# Forget the overtures: beautiful moments of singing in Wagner



## Clairvoyance Enough (Jul 25, 2014)

More than once I've heard people say things like "Wagner is good until the screaming starts." I've been that person before and still become that person at certain points in his music dramas, I'm ashamed to admit.

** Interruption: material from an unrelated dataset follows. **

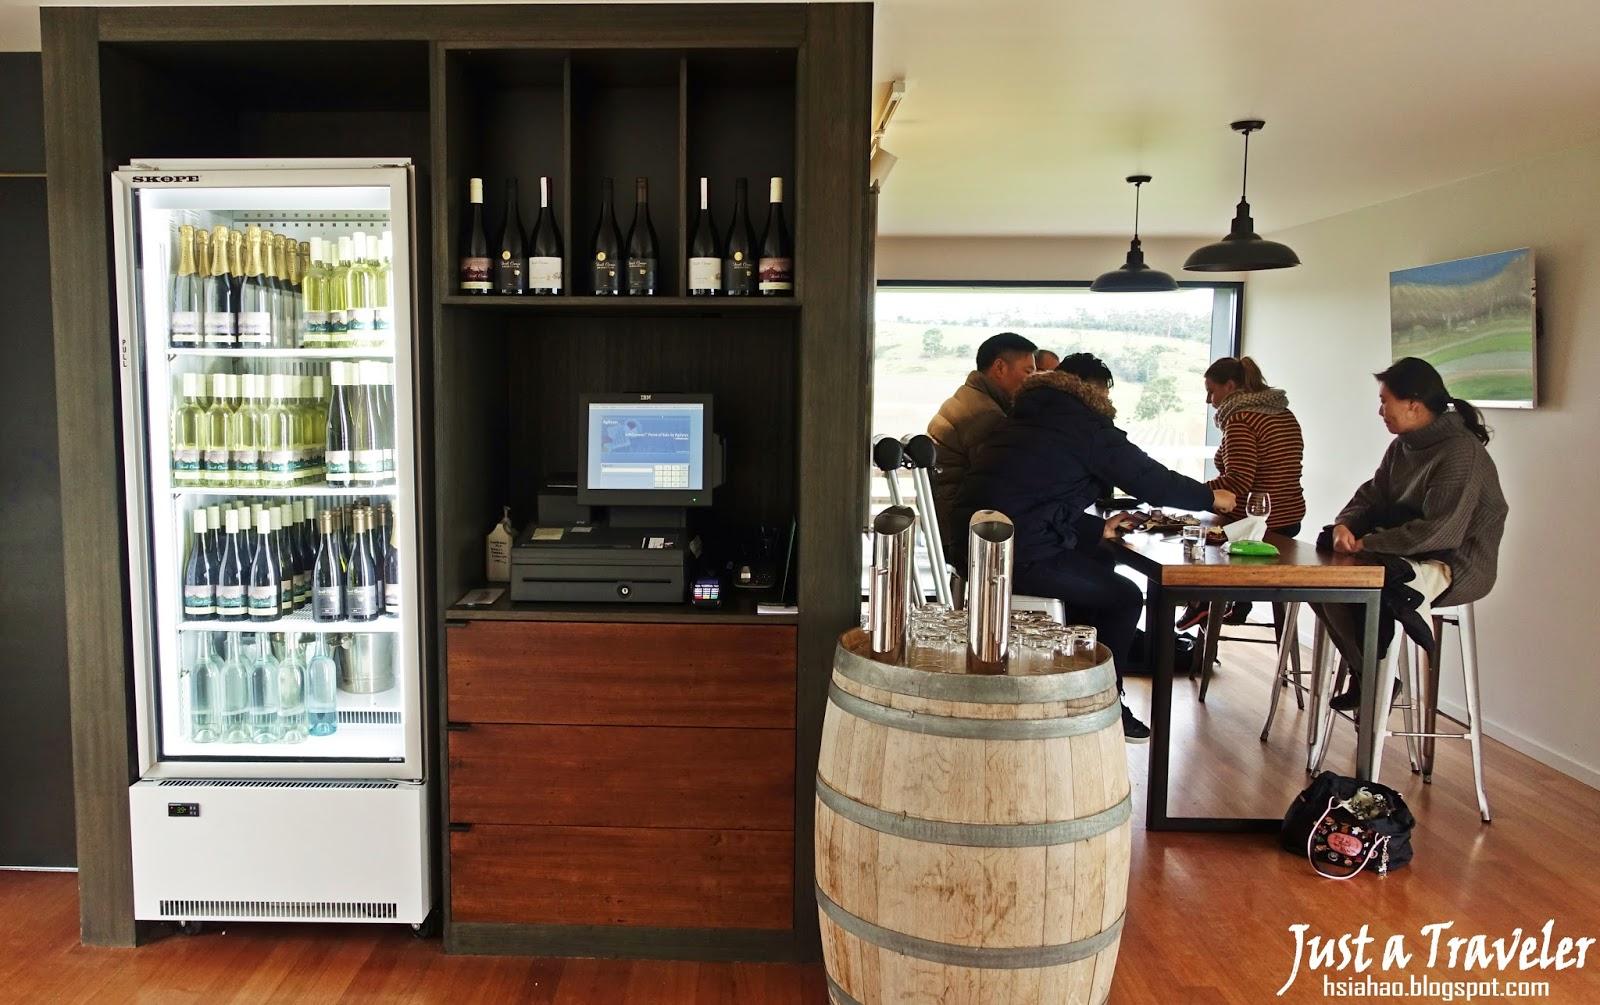 塔斯馬尼亞-景點-推薦-美食-旅遊-自由行-澳洲-Tasmania-Tourist-Attraction-Australia
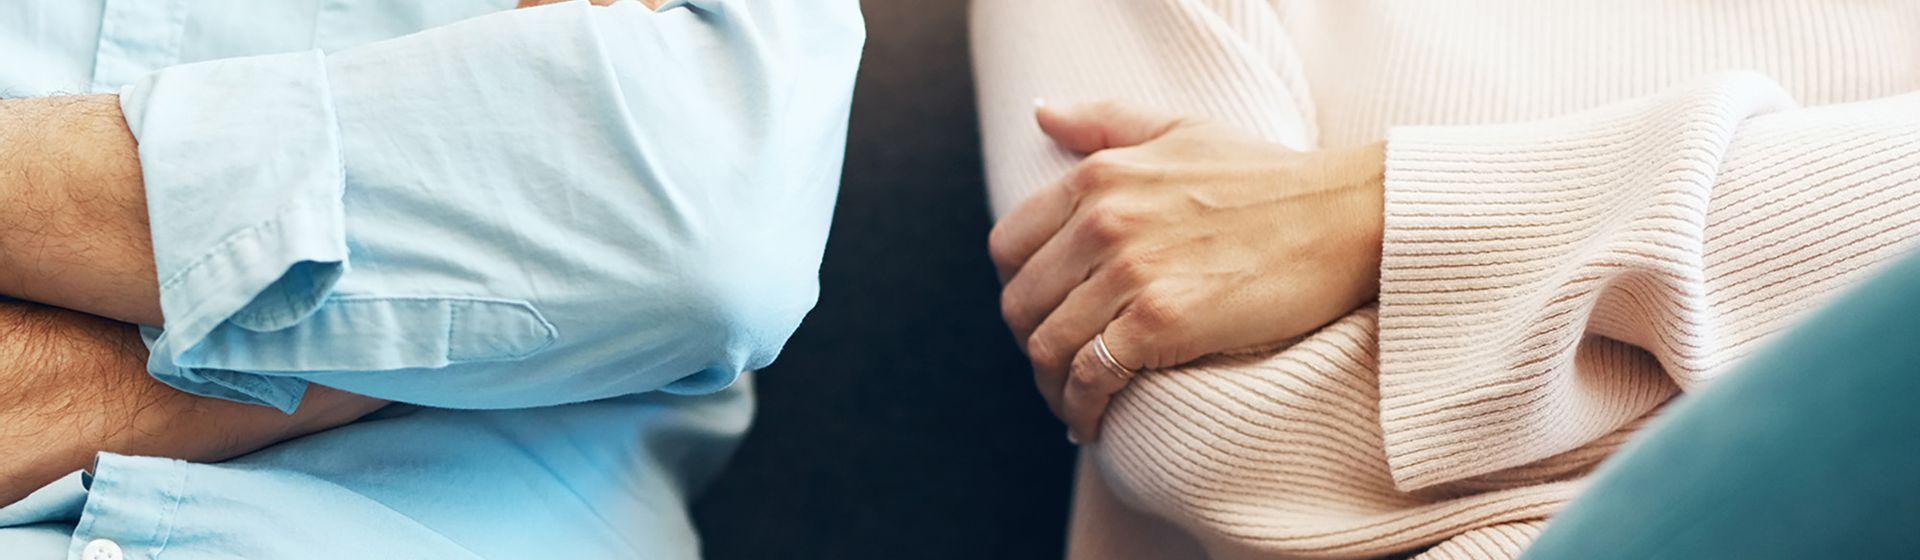 Je gezamenlijke bezittingen verdelen. man en vrouw zitten met hun armen over elkaar heen | Het Notarieel

The purpose of this thread is to counter that misconception with a favorite moment of singing from his operas, however the following suggestions are off limits!

- Love duet and Liebestod from Tristan
- Donner summoning the thunderstorm from Rheingold
- The Notung song from Siegfried
- Siegmund's love song
- All choruses
- Meistersinger quintet

I'm only barring these because if this thread only gets a few responses I don't want it to be these usual suspects. It would be against the spirit of this thread if we all posted the same 3 or 4 moments (I might suggest some "cliches" myself on accident because I'm no Wagner expert). I'm familiar with large chunks of this music but I have a lot to discover. :tiphat:


----------



## SiegendesLicht (Mar 4, 2012)

The duet of Siegfried and Brünnhilde at the finale of Siegfried. 
And another duet of them in the prologue to Götterdämmerung.


----------



## Faustian (Feb 8, 2015)

Just a few off the top of my head:

Good Friday Music from Parsifal (forward to about 1:45 in this clip):






Walther's Prize song from Die Meistersinger:






Elisabeth's aria "Dich, teure Halle" from Tannhauser:


----------



## Faustian (Feb 8, 2015)

SiegendesLicht said:


> The duet of Siegfried and Brünnhilde at the finale of Siegfried.
> And another duet of them in the prologue to Götterdämmerung.


Ah yes, the duet at the beginning of Gotterdammerung is particularly ravishing!


----------



## Clairvoyance Enough (Jul 25, 2014)

I'm going to highlight a favorite moment from the 2nd act of Die Walkure, often overlooked by the other two. If you know nothing about the story I recommend you read the wiki summary of Act 2 for context, but it's not totally necessary. https://en.wikipedia.org/wiki/Die_Walk%C3%BCre#Act_2

TL;DR After an argument with his wife, Wotan has reluctantly agreed to murder his illegitimate son and in this scene his daughter is reassuring her loyalty and promising to help him. Libretto link http://www.rwagner.net/libretti/walkure/e-walk-a2s2.html

My favorite version of the scene. My favorite part of my favorite version starts at 4:00


----------



## Sonata (Aug 7, 2010)




----------



## Clairvoyance Enough (Jul 25, 2014)

Tristan and Isolde http://www.rwagner.net/libretti/tristan/e-tristan-a2s1.html






Magical aching heart tears at 2:30


----------



## Magnum Miserium (Aug 15, 2016)

The beginning of the Flieder-monologue.


----------



## hpowders (Dec 23, 2013)

From Gurnemanz's monologue, Act One, Parsifal.

Some of the most noble, beautiful music ever written.


----------



## Azol (Jan 25, 2015)

Brangane's Night Call
Love Duet from Lohengrin
"In fernem Land" from Lohengrin


----------



## EarthBoundRules (Sep 25, 2011)

The entire first scene of _Das Rheingold_. Yes, all of it.


----------



## Meyerbeer Smith (Mar 25, 2016)

*Rienzi*
Rienzi's prayer

*Tannhäuser)*
Elisabeth's prayer
The Hymn to the Evening Star

*Lohengrin*
Elsa's Dream
The Elsa / Ortrud scene in Act II

*Die Walküre*
Wotan's Farewell

*Meistersinger*
Wahn! Wahn! Überall, Wahn!

*Parsifal*
Vom Bade kehrt der König heim
Nur eine Waffe taugt


----------



## Sonata (Aug 7, 2010)

EarthBoundRules said:


> The entire first scene of _Das Rheingold_. Yes, all of it.


Oh, yes, I really like the Rhinemaiden scene.
I second In Fernem Land as well


----------



## Pugg (Aug 8, 2014)

SimonTemplar said:


> *Rienzi*
> Rienzi's prayer
> 
> *Tannhäuser)*
> ...


I second those .


----------



## Eddy Rodgers K (Feb 12, 2017)

I have the line "Rheingold, rheingold," from the Rinemaidens stuck in my head.

I think the ending of Das Rheingold, when the maidens wail, is magnificent. I'm listening to it right now.


----------



## malvinrisan (Feb 17, 2017)

*Tannhäuser*
Entry of the guests

*Siegfried*
Forest Murmurs

*Götterdämmerung*
Act 3: Siegfried and the Rhinemaidens

*Meistersinger*
Am Stillen Herd


----------